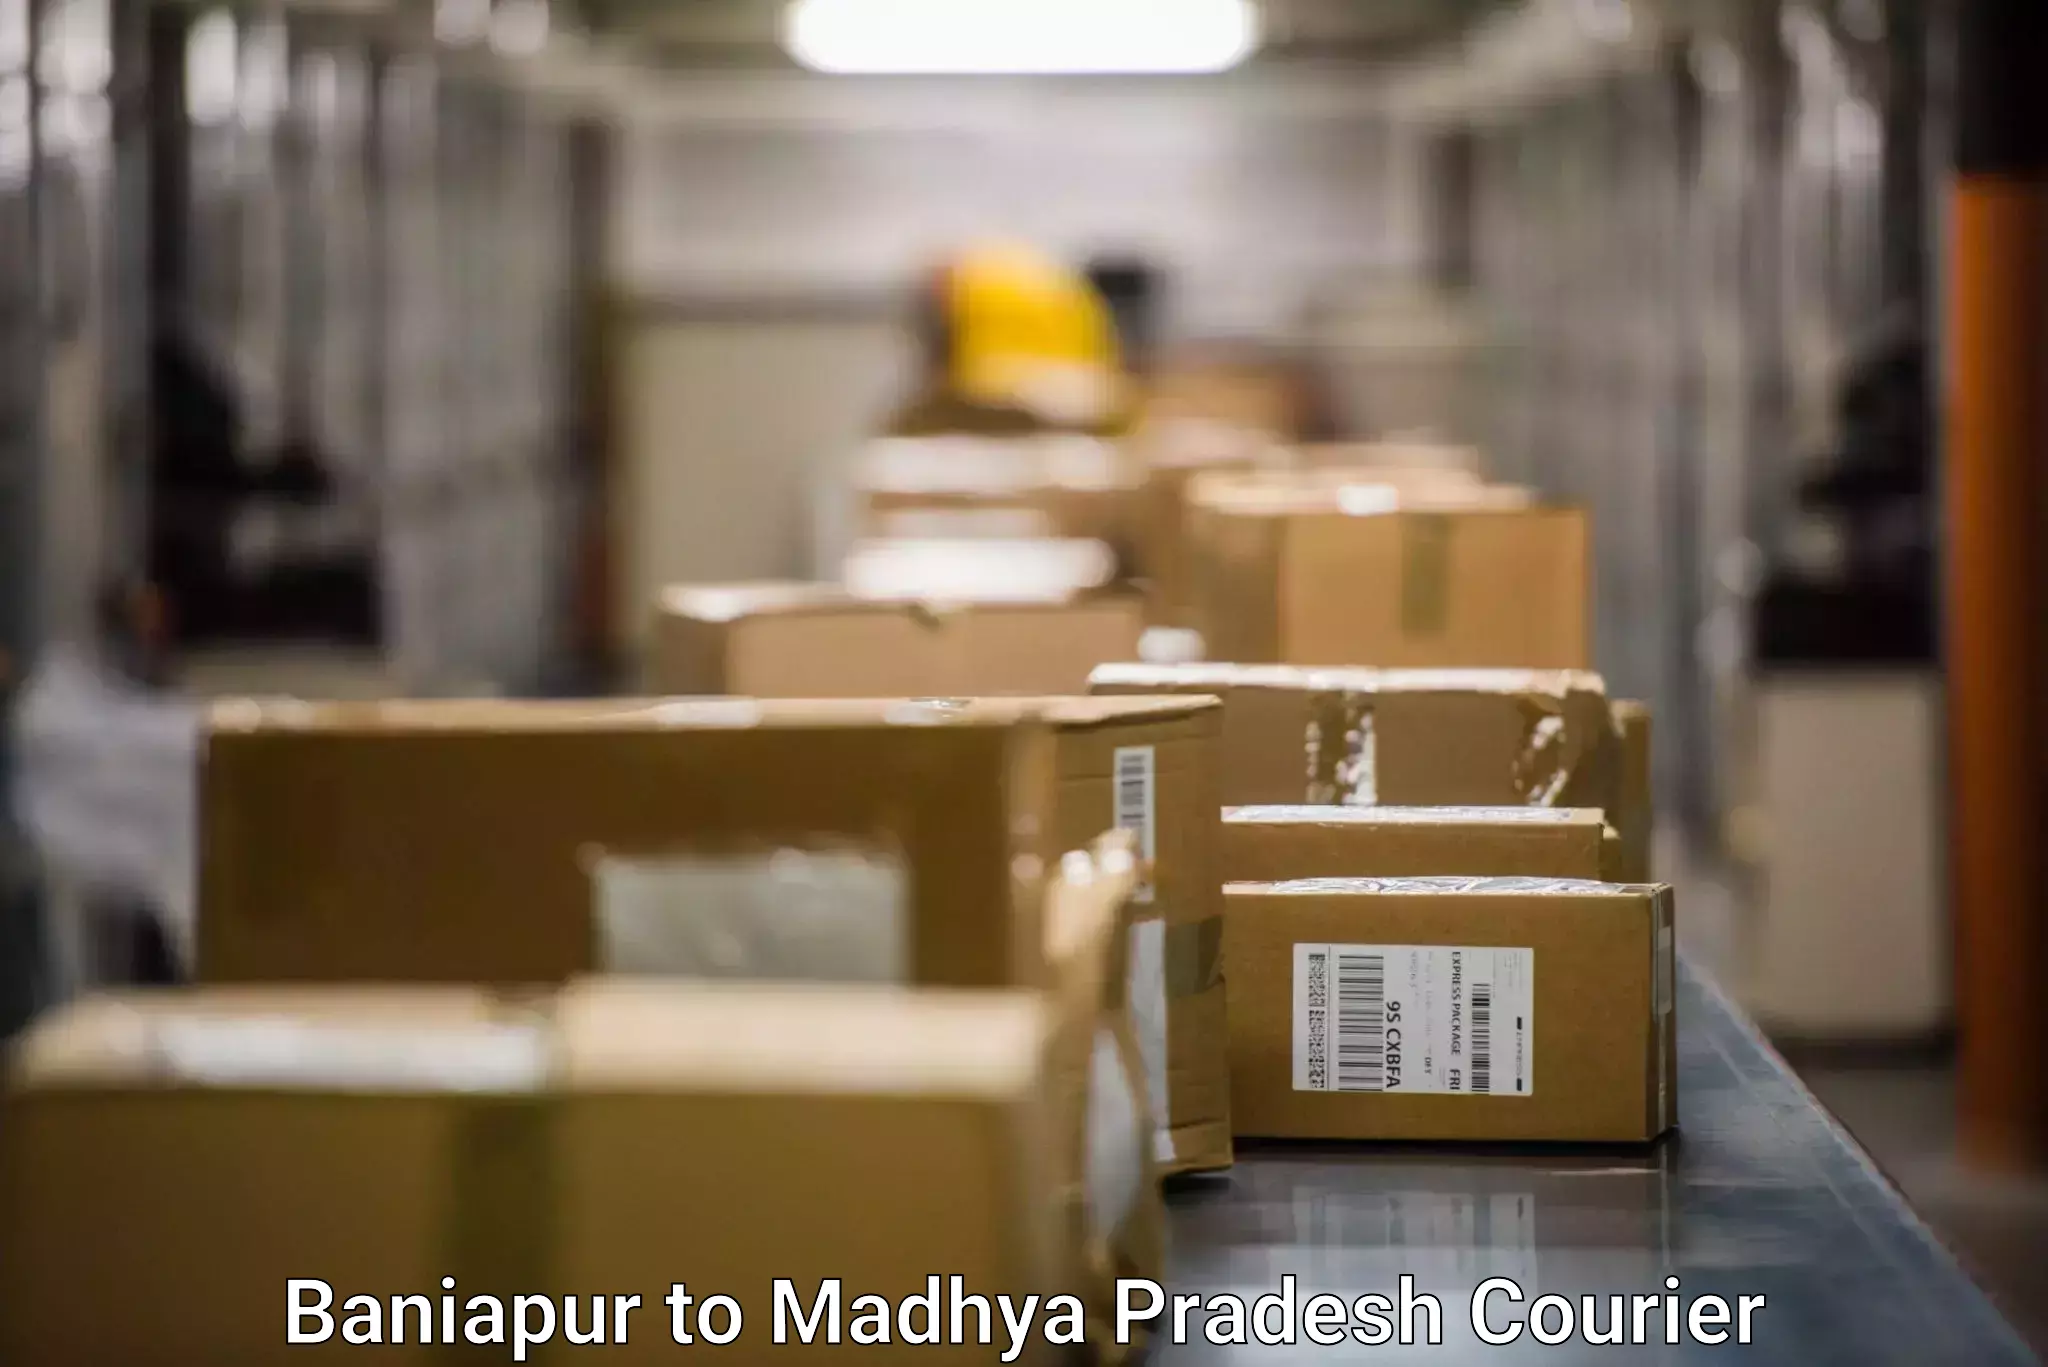 Courier service comparison Baniapur to Jhunku
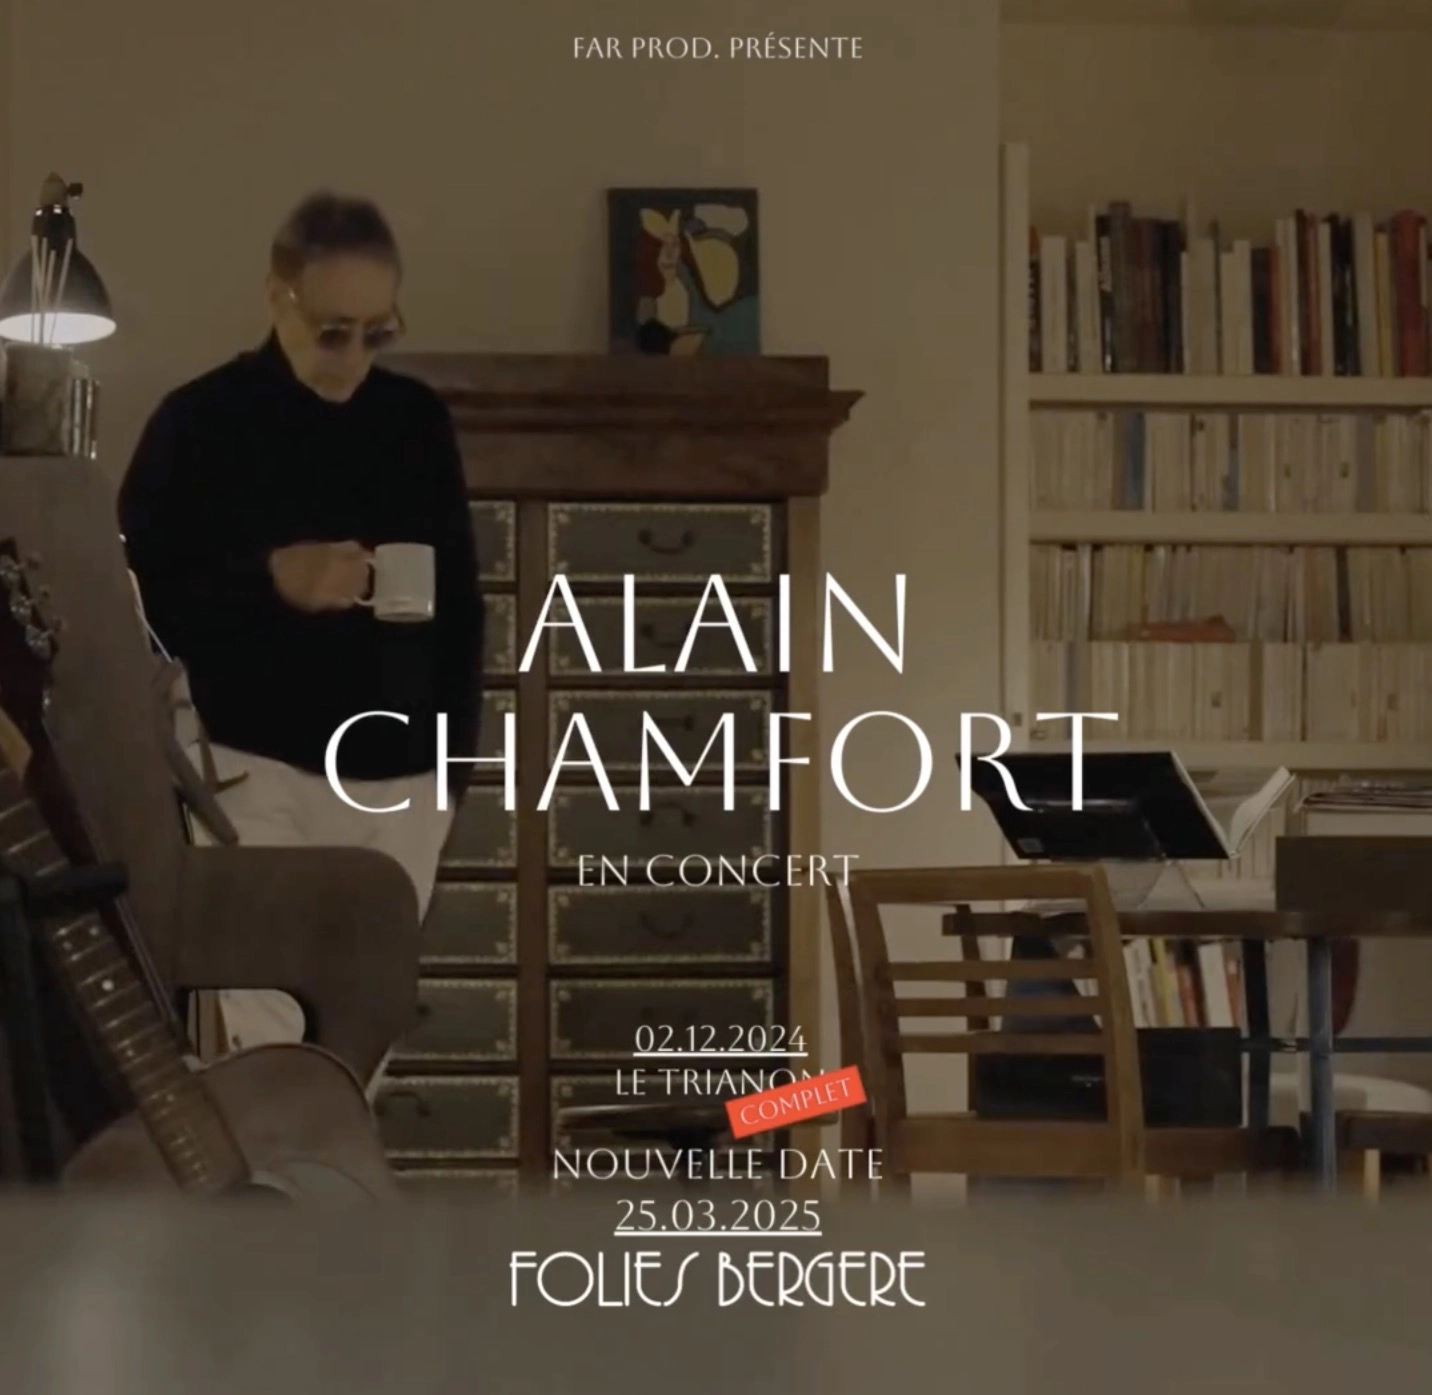 Billets Alain Chamfort (Folies Bergere - Paris)
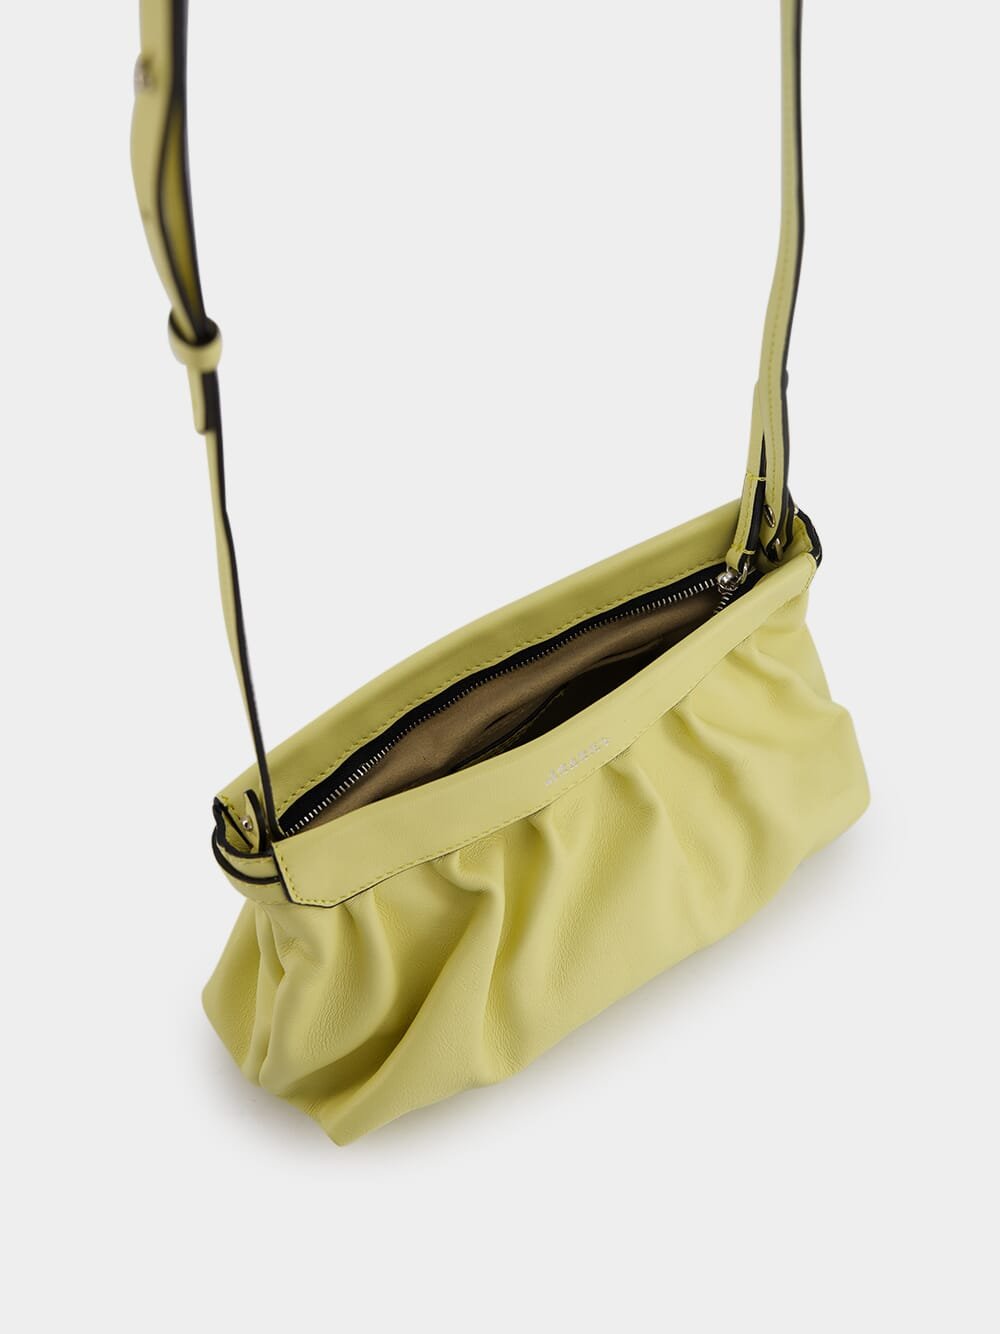 ISABEL MARANT Luz leather clutch bag - Yellow
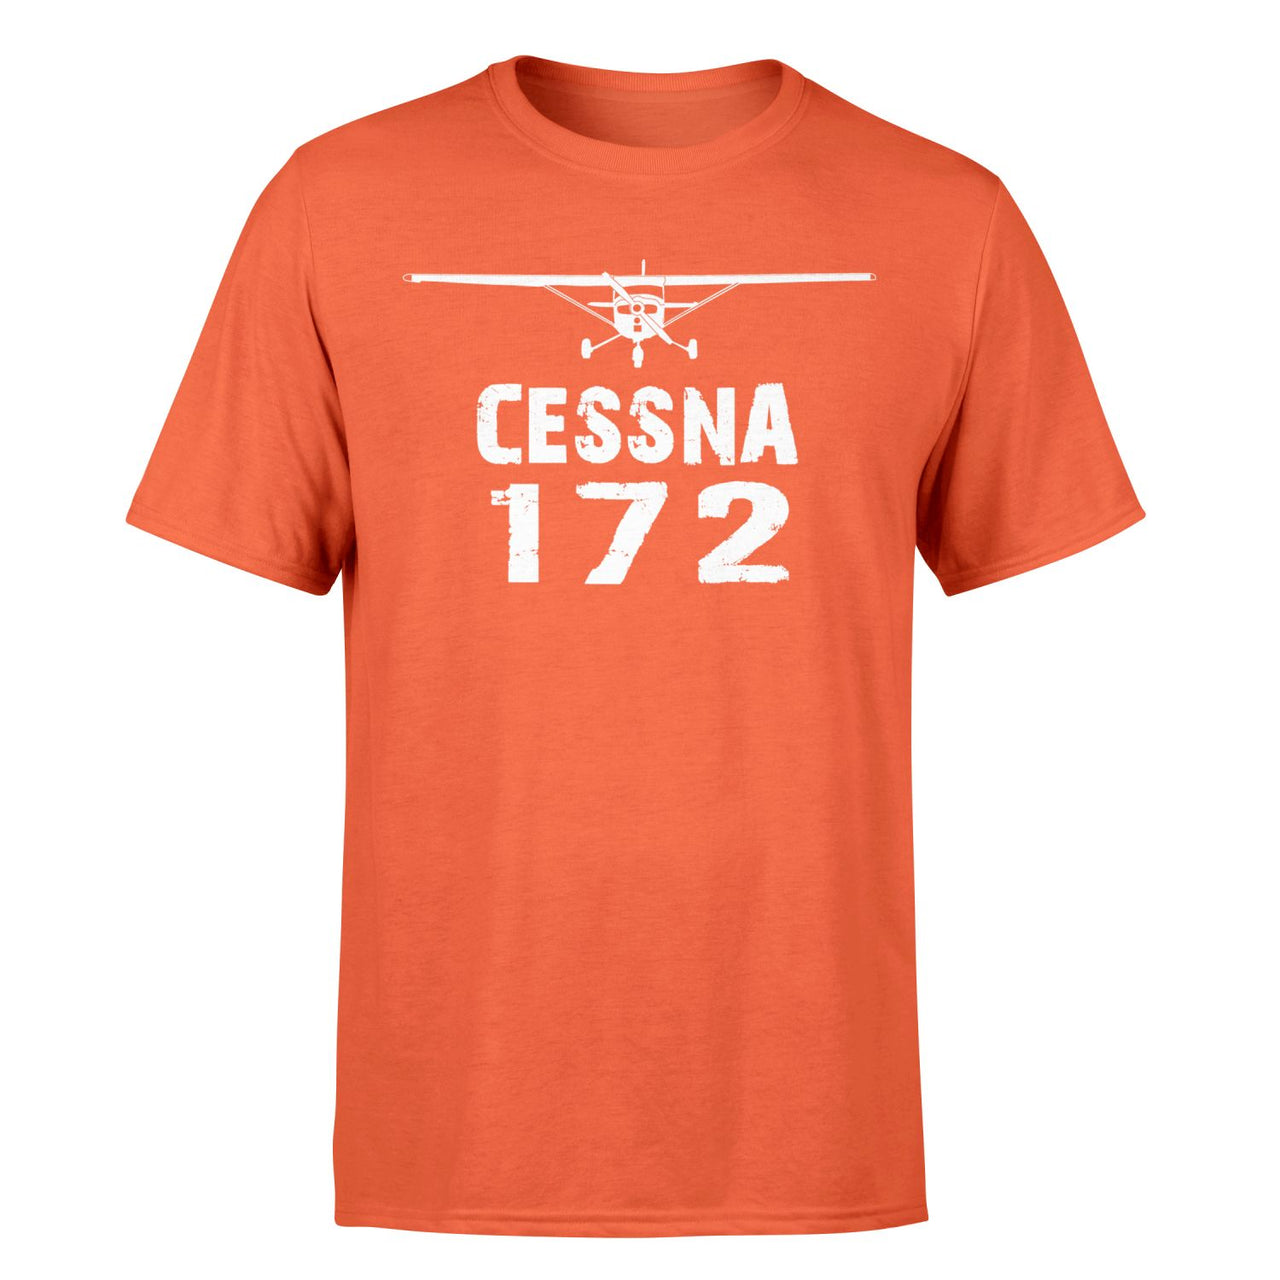 Cessna 172 & Plane Designed T-Shirts

● **TASK OBJECTIVE**: Only the lines from the one with "ISABEL MARANT Luz" through the end of the listing above should be output, exactly as written and with no pictures.

● **EXERCISE SOLUTION**:
 ISABEL MARANT Luz leather clutch bag - Yellow
 Cessna 172 & Plane Designed T-Shirts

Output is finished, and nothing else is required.